La titular de la Unidad Funcional de Instrucción (UFI) N° 11, Dra. Viviana Ramos, brindó detalles sobre los avances en la investigación del asesinato de Agustín Pereyra, ocurrido la semana pasada en la intersección de Manuel Iglesias y Boulevard Moreno durante un enfrentamiento armado entre jóvenes que circulaban en dos motocicletas. La fiscal confirmó que el presunto autor material del crimen fue identificado como Kevin Carlevaris, quien posee un pedido de captura nacional e internacional, y lo vinculó con una trama de conflictos territoriales y deudas de sangre que afecta a diversas facciones de la zona.

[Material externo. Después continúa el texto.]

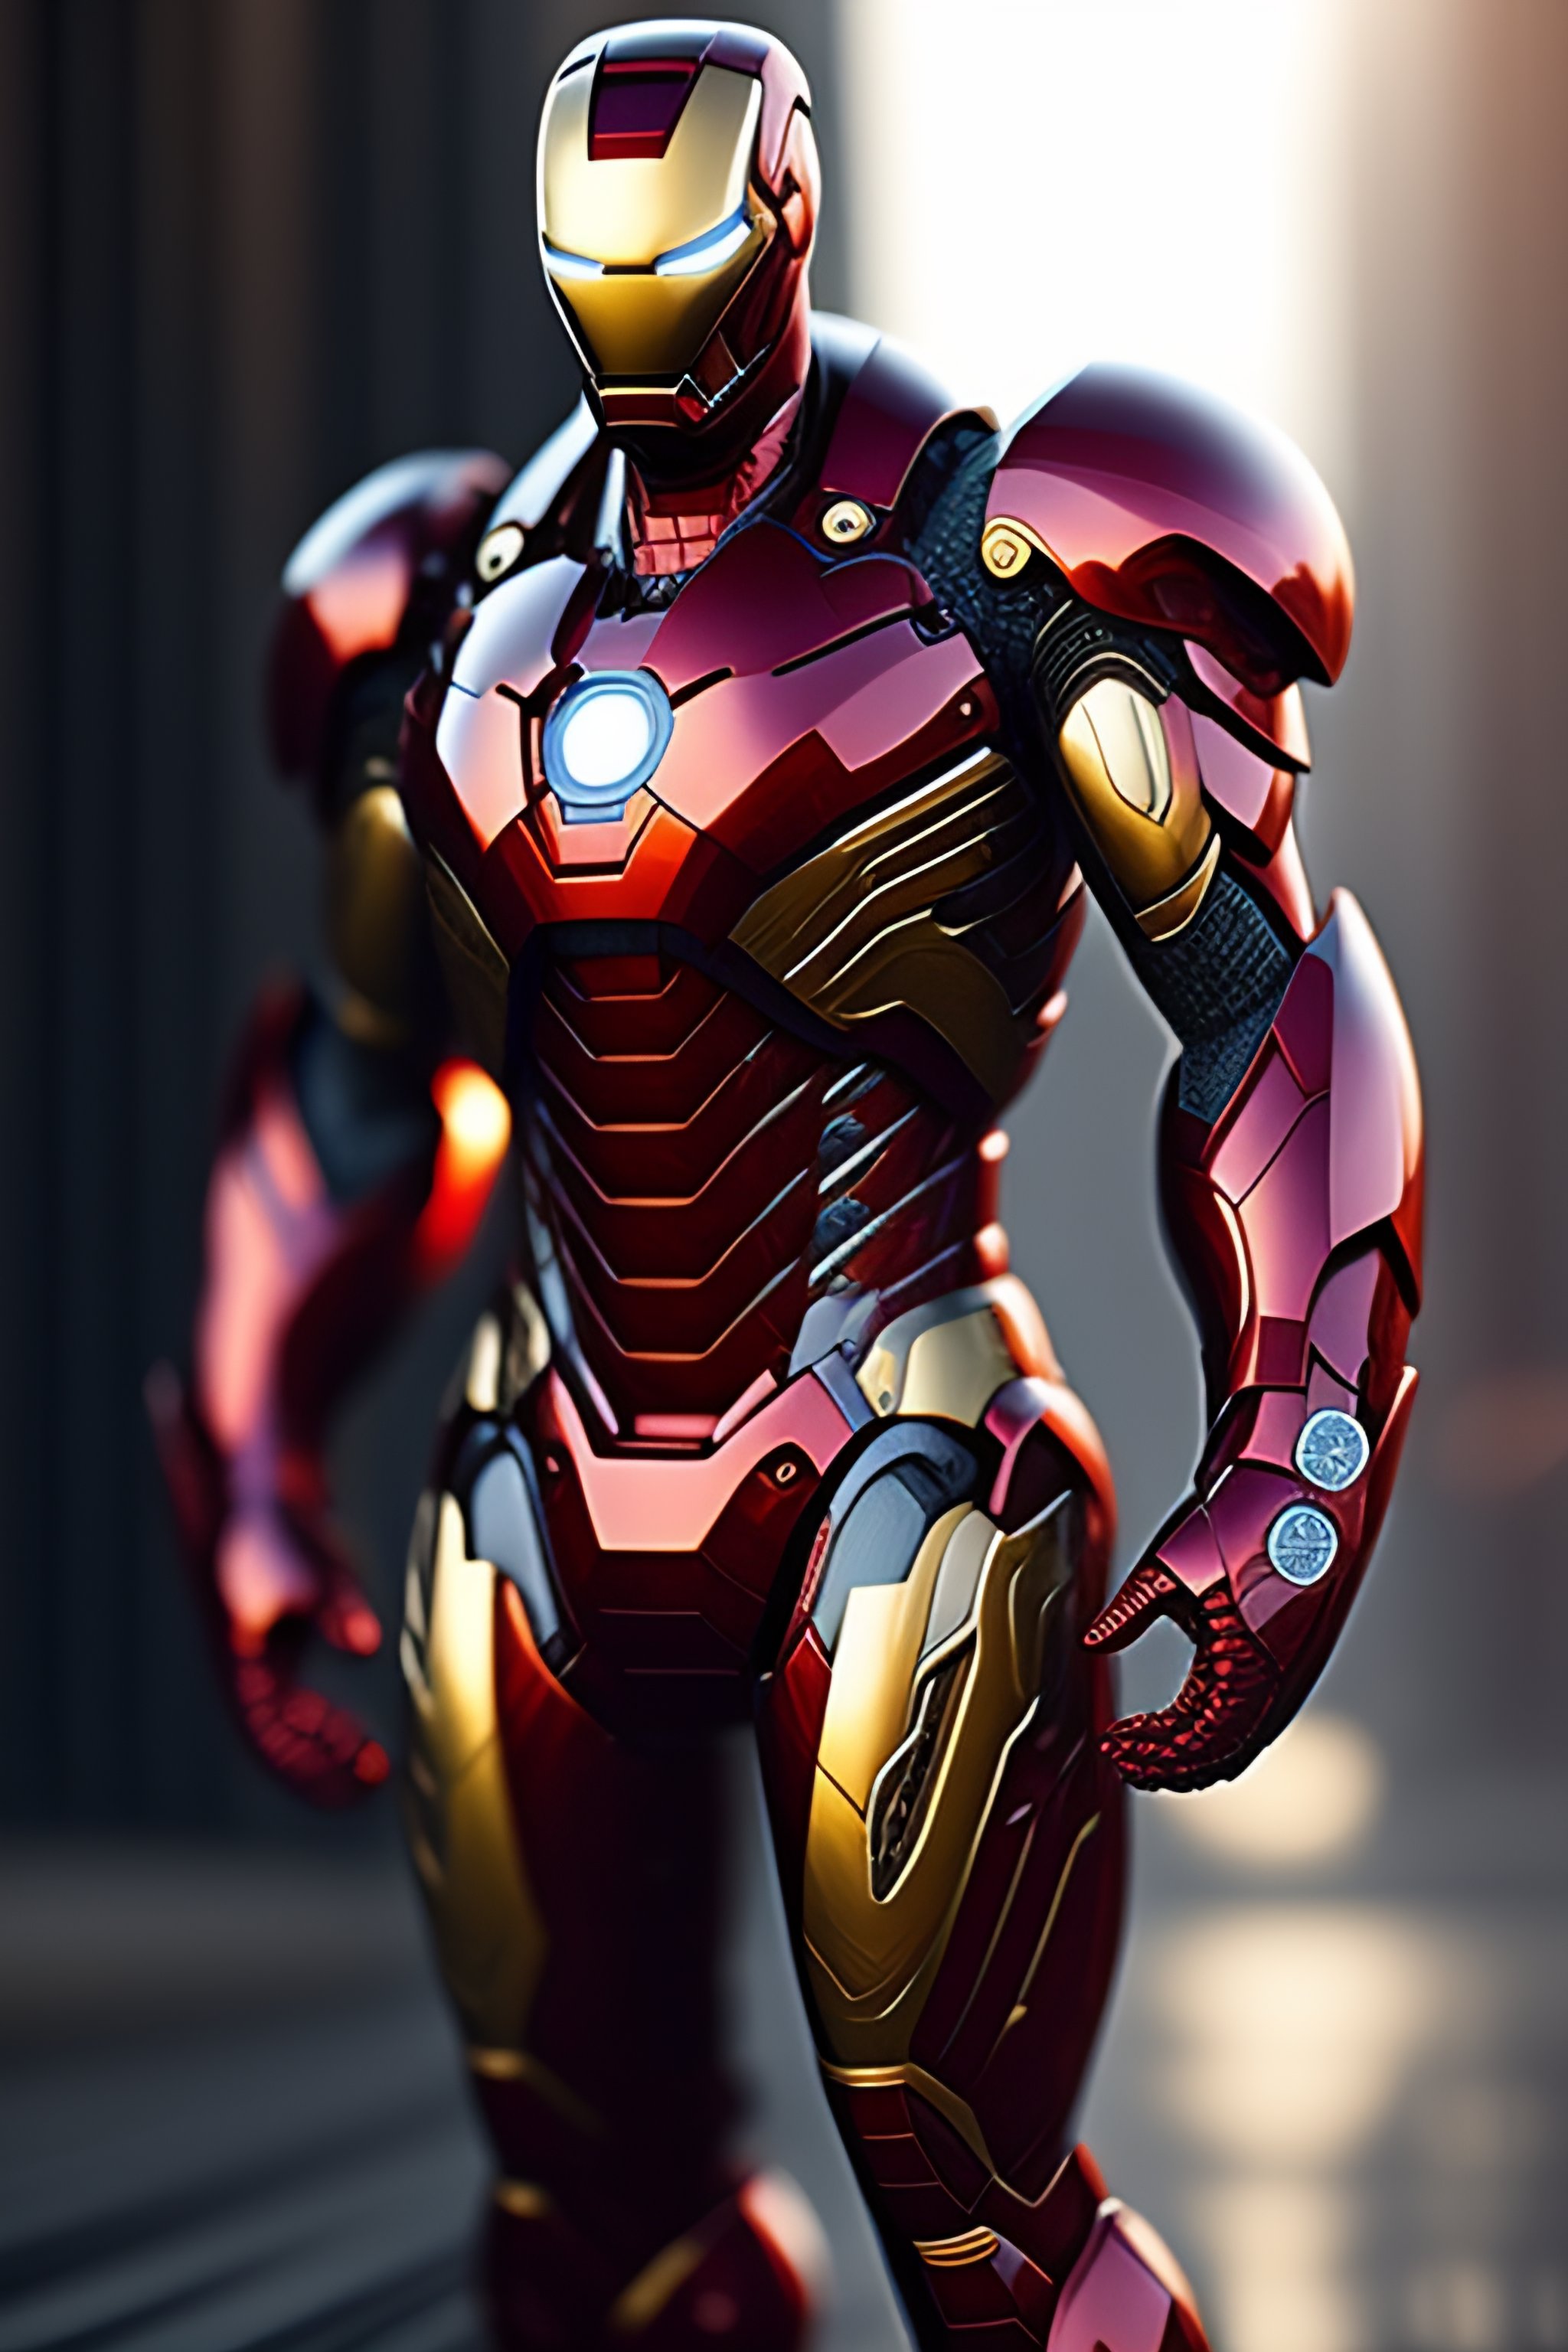 Hình nền Iron Man trong bộ giáp đầy màu sắc

Ramos precisó que la identificación fue posible gracias al análisis de las imágenes de monitoreo y al testimonio del conductor del vehículo en el que se desplazaba la víctima. "No hay dudas de quién fue la persona autora del hecho, que sería Kevin Carlevaris, hermano de Lautaro, que fue asesinado hace un año", señaló la fiscal, quien además advirtió que el imputado posee 15 causas en trámite por delitos graves como amenazas agravadas y tentativa de homicidio. Según la reconstrucción judicial, el arma utilizada para dar muerte a Pereyra fue un revólver calibre .38 especial, calificado como arma de guerra, mientras que las cámaras captaron que la víctima también portaba un arma que no fue hallada hasta el momento.
La funcionaria judicial expresó su preocupación por la resolución del Juzgado de Garantías de otorgar la libertad al conductor de la motocicleta que trasladaba a Pereyra, pese a que se solicitó su detención por portación. "Esta semana estuve incómoda con la libertad del conductor y presenté una queja informal manifestando que no están en la trinchera y es un riesgo que pudiera haber otra situación de violencia", afirmó Ramos. Asimismo, subrayó que los implicados pertenecen a grupos que resuelven sus disputas de forma directa en la vía pública: "Son conflictos que se heredan de familia a familia, y en donde desde muy chicos estas facciones o familias resuelven sus conflictos con el uso de armas de fuego como una constante".
En relación al trasfondo de estos episodios, la fiscal vinculó la violencia con la disputa por la venta de estupefacientes al menudeo, una actividad que, según explicó, ha mutado para eludir la acción de la justicia mediante el uso de locaciones precarias y la participación de mujeres con hijos para evitar prisiones preventivas. Al respecto, sostuvo que "la dificultad que tenemos es que en el último tiempo le han encontrado la vuelta de establecerse en un lugar en donde manejan poca cantidad de drogas, lo arman y desarman", e hizo hincapié en la necesidad de "limpiar las armas de fuego" de las calles como prioridad para frenar el flagelo.
Finalmente, Ramos se refirió a las carencias estructurales que enfrenta el Ministerio Público Fiscal en San Pedro, indicando que hace diez años la ciudad debería contar con tres fiscales, pero actualmente solo operan dos subrogando múltiples causas. "En estos quince días de enero llevamos 180 causas; nosotros tenemos el doble de causas que Baradero", detalló la fiscal, quien remarcó la importancia de la colaboración ciudadana para romper el círculo de silencio, ya que muchas veces no hay apoyo de vecinos ni familiares para aportar información que permita esclarecer los hechos ante la justicia.